Der Eröffnungstermin wieder mal verschoben, weitere hunderte Millionen an Steuergeldern angefordert – der Hauptstadtflughafen BER kommt nicht weiter. Nun fordern die Grünen ein Umdenken.

          Der Grünen-Verkehrspolitiker Stefan Gelbhaar hat den neuen Verkehrsminister Andreas Scheuer (CSU) zu einem anderen Kurs beim Hauptstadtflughafen BER aufgefordert. „Die Augen-zu-und-durch-Mentalität der alten Bundesregierung beim BER muss jetzt ein Ende haben“, sagte Gelbhaar der Deutschen Presse-Agentur in Berlin. „Scheuer muss sich das Thema als eine der ersten Amtshandlungen auf den Tisch ziehen und beweisen, dass er schwierige Großprojekte steuern kann.“

          Weitere Steuermittel wie die nun angeforderten 100 Millionen Euro dürften nur dann bereit gestellt werden, wenn belegt sei, wofür diese genau verwendet werden. „Es muss Schluss sein mit der Black Box BER.“

          Der Verkehrsausschuss des Bundestages befasst sich am Mittwoch mit dem Stand der Dinge am BER. Erwartet wird unter anderem der Aufsichtsratsvorsitzende der Flughafengesellschaft, Rainer Bretschneider. Scheuer will nicht in den Ausschuss kommen.

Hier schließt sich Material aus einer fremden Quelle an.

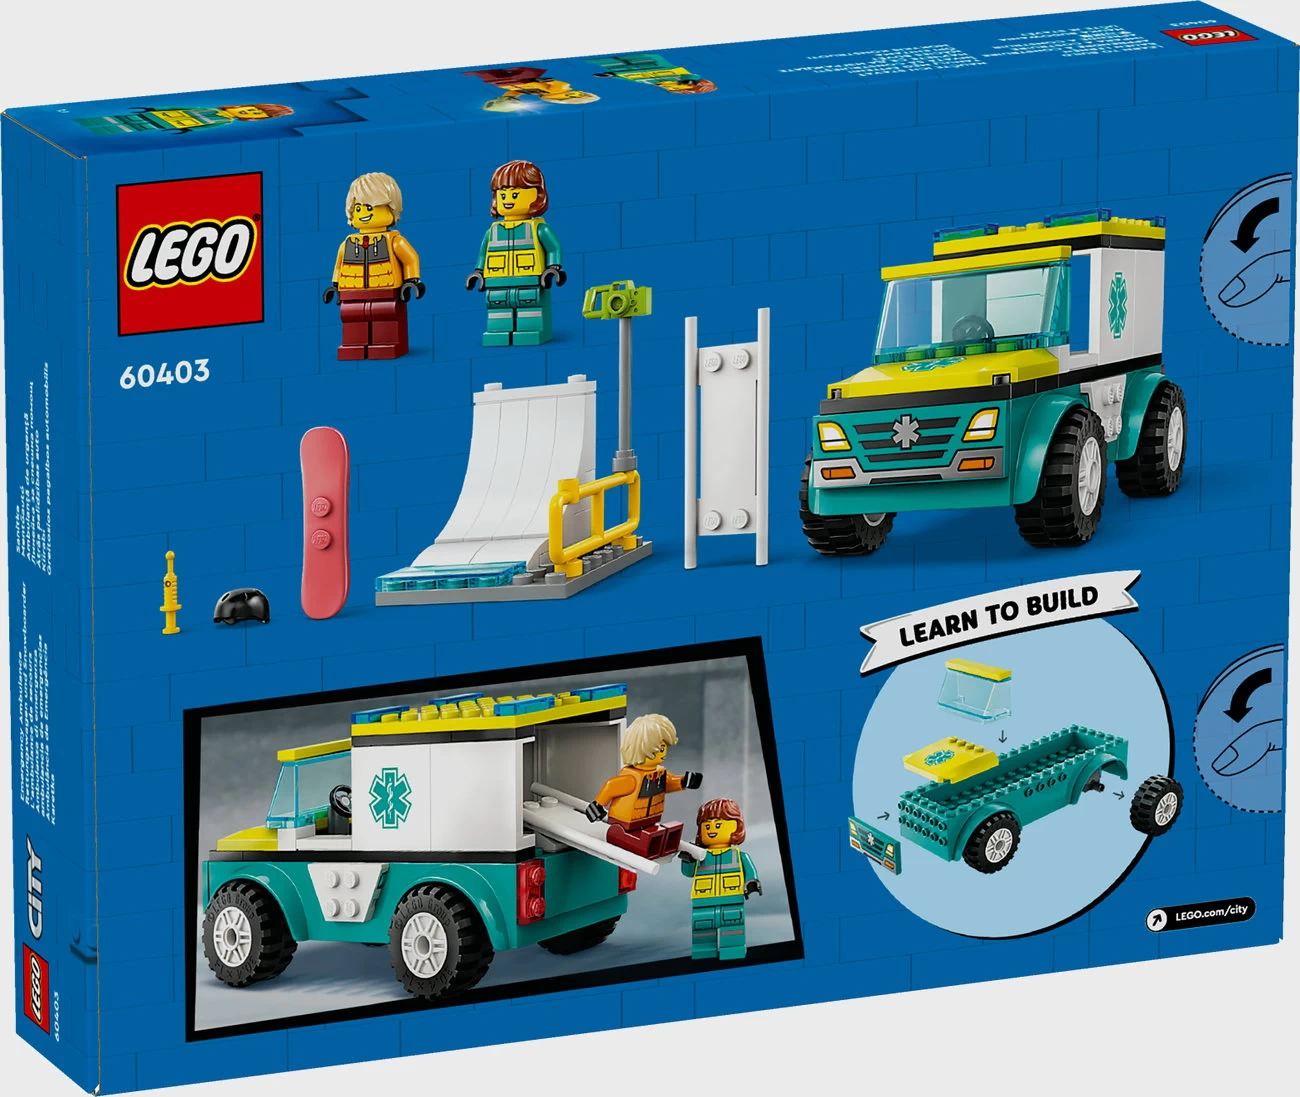 LEGO City 60403 - Rettungswagen und Snowboarder

          Nach der abermaligen Terminverschiebung an dem von Pannen geplagten neuen Hauptstadtflughafen könnte das Projekt für die Steuerzahler noch einmal teurer werden. Die Betreiber hatten den Start des BER im Dezember von 2018 auf 2020 verschoben und müssen deshalb eine Finanzlücke stopfen. Der Aufsichtsrat hatte Flughafenchef Engelbert Lütke Daldrup vor kurzem grünes Licht für Verhandlungen über zusätzliche 100 bis 370 Millionen Euro mit den Airport-Eigentümern. Das sind die Länder Berlin und Brandenburg sowie der Bund. Der Finanzrahmen für den BER liegt bislang bei 6,5 Milliarden Euro.